🤖 AI Summary
This work proposes an automated, dynamic threat-hunting framework that integrates AI agents with the Splunk SIEM platform to address the evolving challenges posed by advanced persistent threats (APTs) and the inefficiencies in processing massive volumes of heterogeneous logs within security operations centers (SOCs). The framework uniquely combines a reconstruction-based autoencoder, a two-layer deep reinforcement learning architecture, and a large language model to establish a policy-guided, context-aware autonomous hunting mechanism. This enables an end-to-end closed-loop pipeline—from traffic ingestion and anomaly detection to risk prioritization. Experimental results demonstrate that the approach adaptively aligns with diverse SOC objectives and effectively identifies suspicious and malicious network traffic on both public and simulated datasets, significantly enhancing analysts’ decision-making efficiency.
📝 Abstract
With frequently evolving Advanced Persistent Threats (APTs) in cyberspace, traditional security solutions approaches have become inadequate for threat hunting for organizations. Moreover, SOC (Security Operation Centers) analysts are often overwhelmed and struggle to analyze the huge volume of logs received from diverse devices in organizations. To address these challenges, we propose an automated and dynamic threat hunting framework for monitoring evolving threats, adapting to changing network conditions, and performing risk-based prioritization for the mitigation of suspicious and malicious traffic.

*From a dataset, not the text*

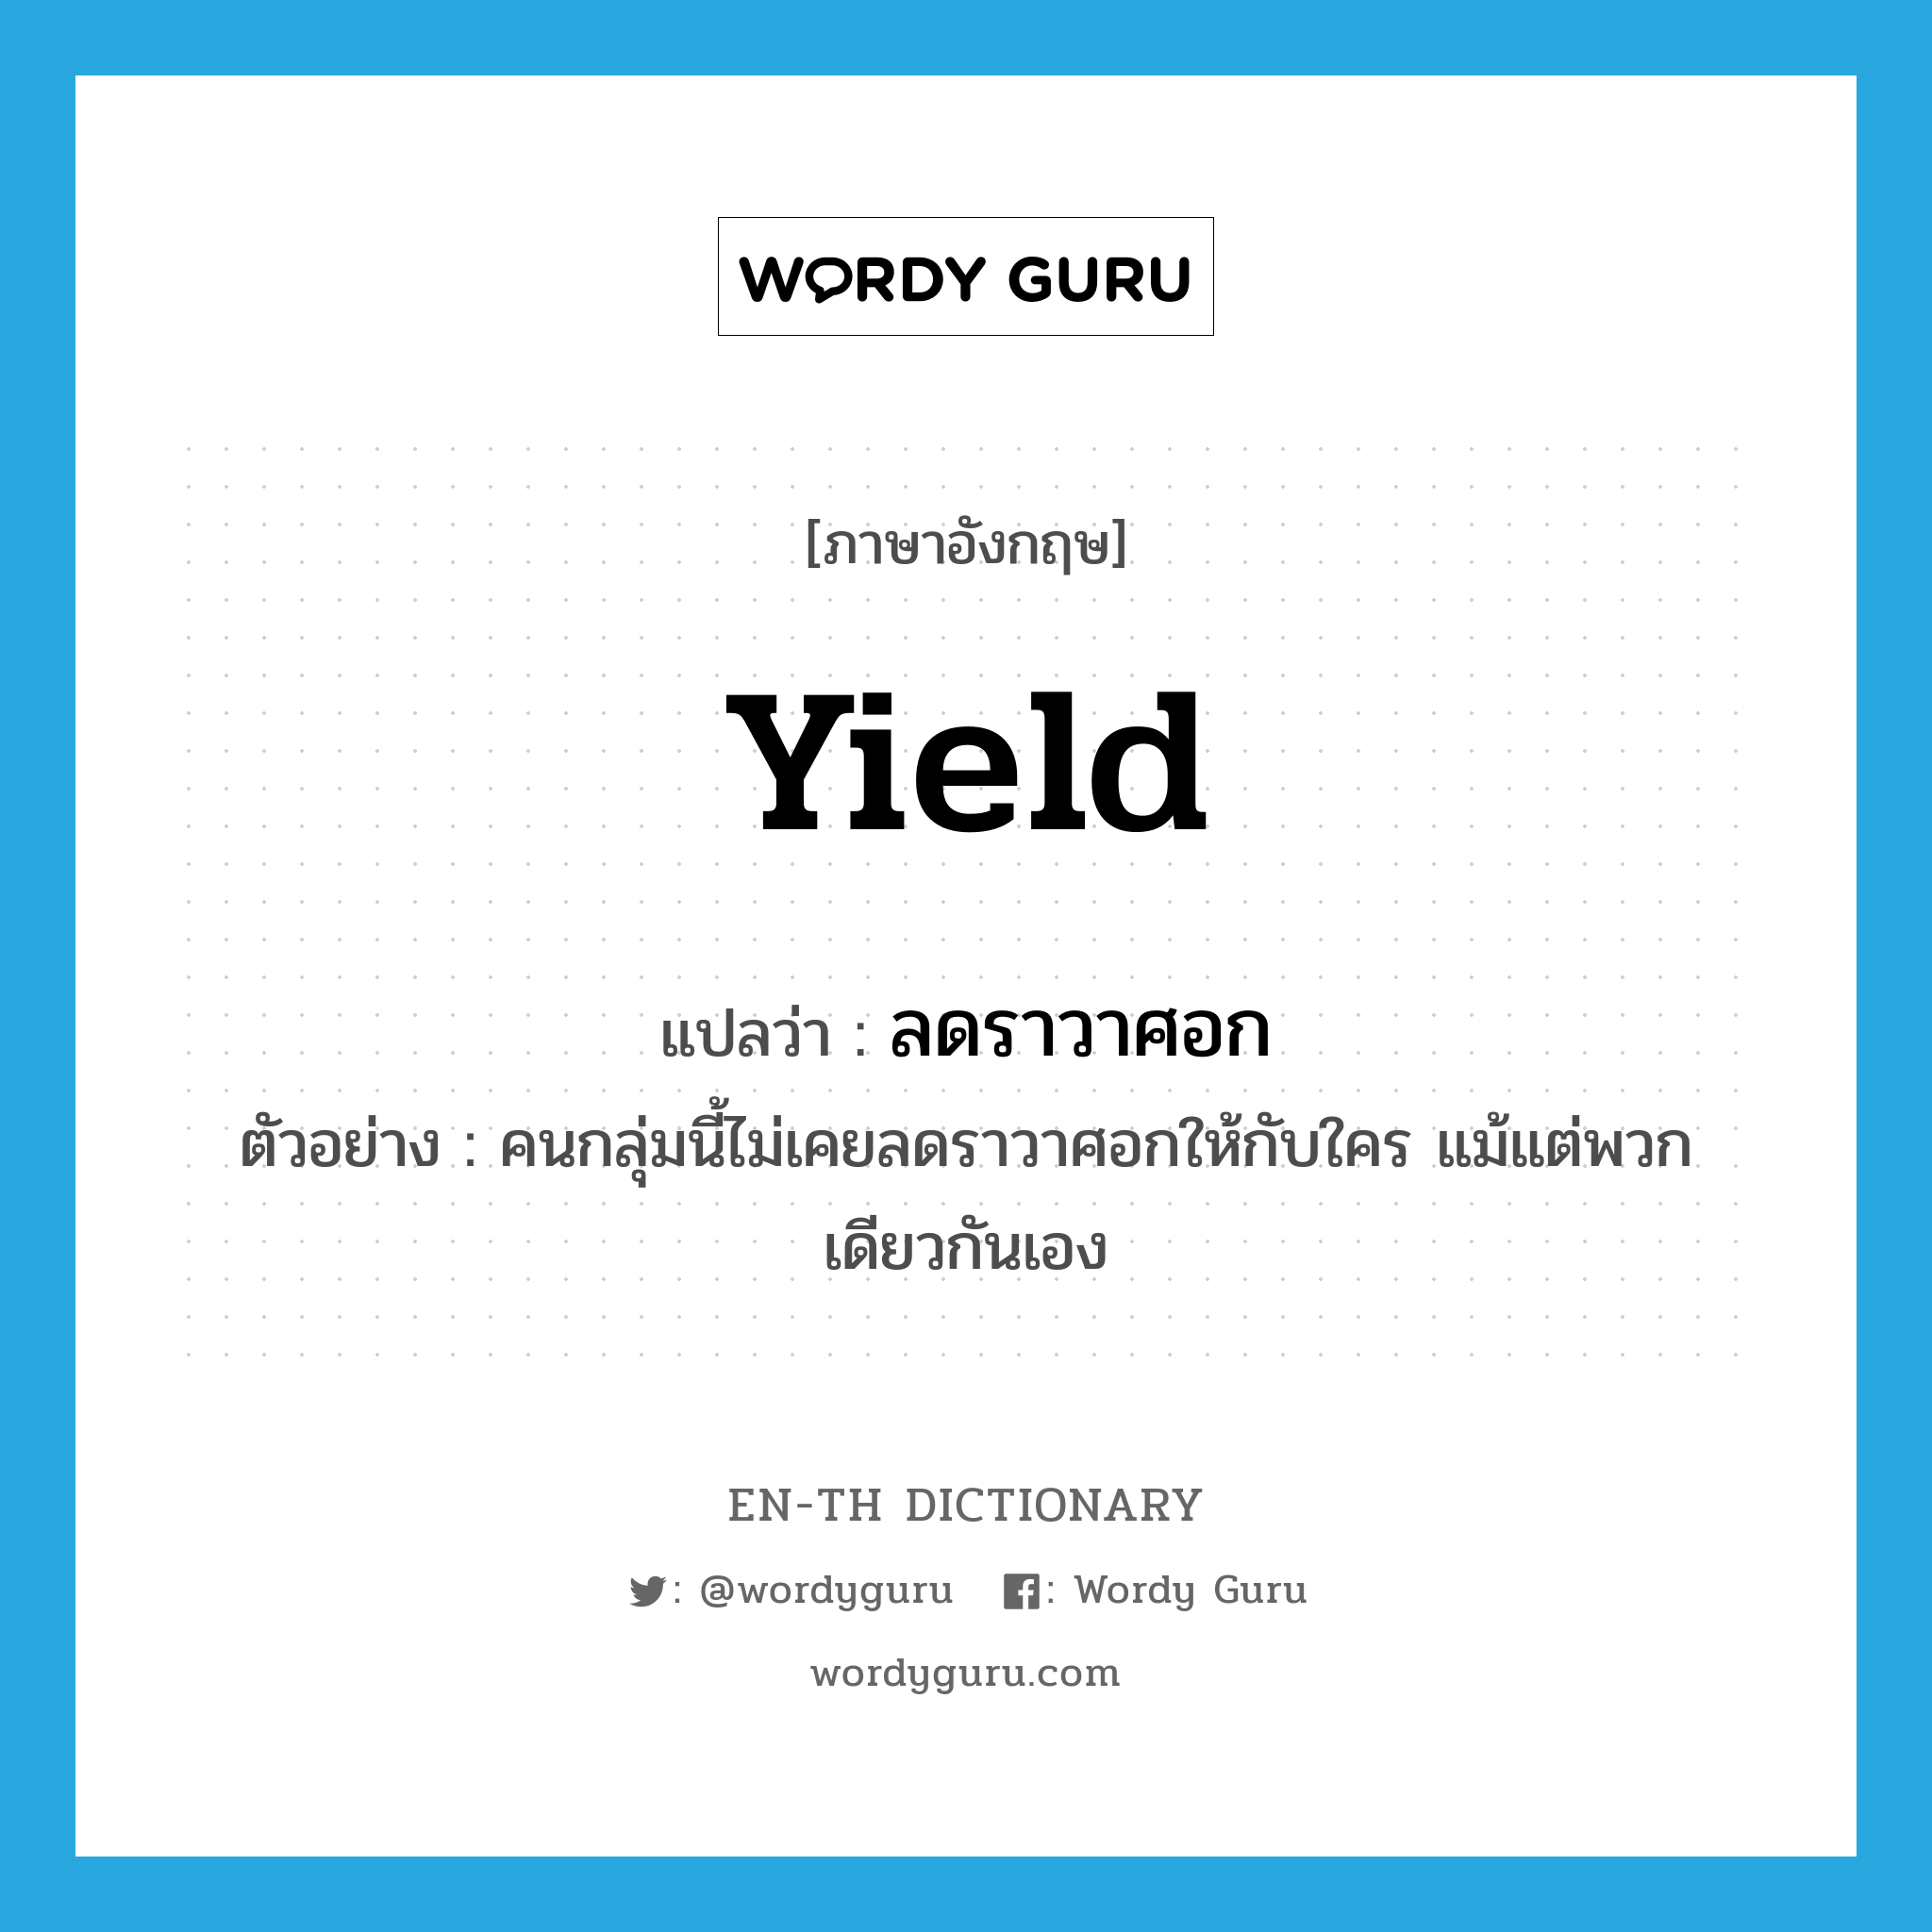 yield แปลว่า?, คำศัพท์ภาษาอังกฤษ yield แปลว่า ลดราวาศอก ประเภท V ตัวอย่าง คนกลุ่มนี้ไม่เคยลดราวาศอกให้กับใคร แม้แต่พวกเดียวกันเอง หมวด V

By integrating Agentic AI with Splunk, an established SIEM platform, we developed a unique threat hunting framework. The framework systematically and seamlessly integrates different threat hunting modules together, ranging from traffic ingestion to anomaly assessment using a reconstruction-based autoencoder, deep reinforcement learning (DRL) with two layers for initial triage, and a large language model (LLM) for contextual analysis. We evaluated the framework against a publicly available benchmark dataset, as well as against a simulated dataset. The experimental results show that the framework can effectively adapt to different SOC objectives autonomously and identify suspicious and malicious traffic. The framework enhances operational effectiveness by supporting SOC analysts in their decision-making to block, allow, or monitor network traffic. This study thus enhances cybersecurity and threat hunting literature by presenting the novel threat hunting framework for security decision- making, as well as promoting cumulative research efforts to develop more effective frameworks to battle continuously evolving cyber threats.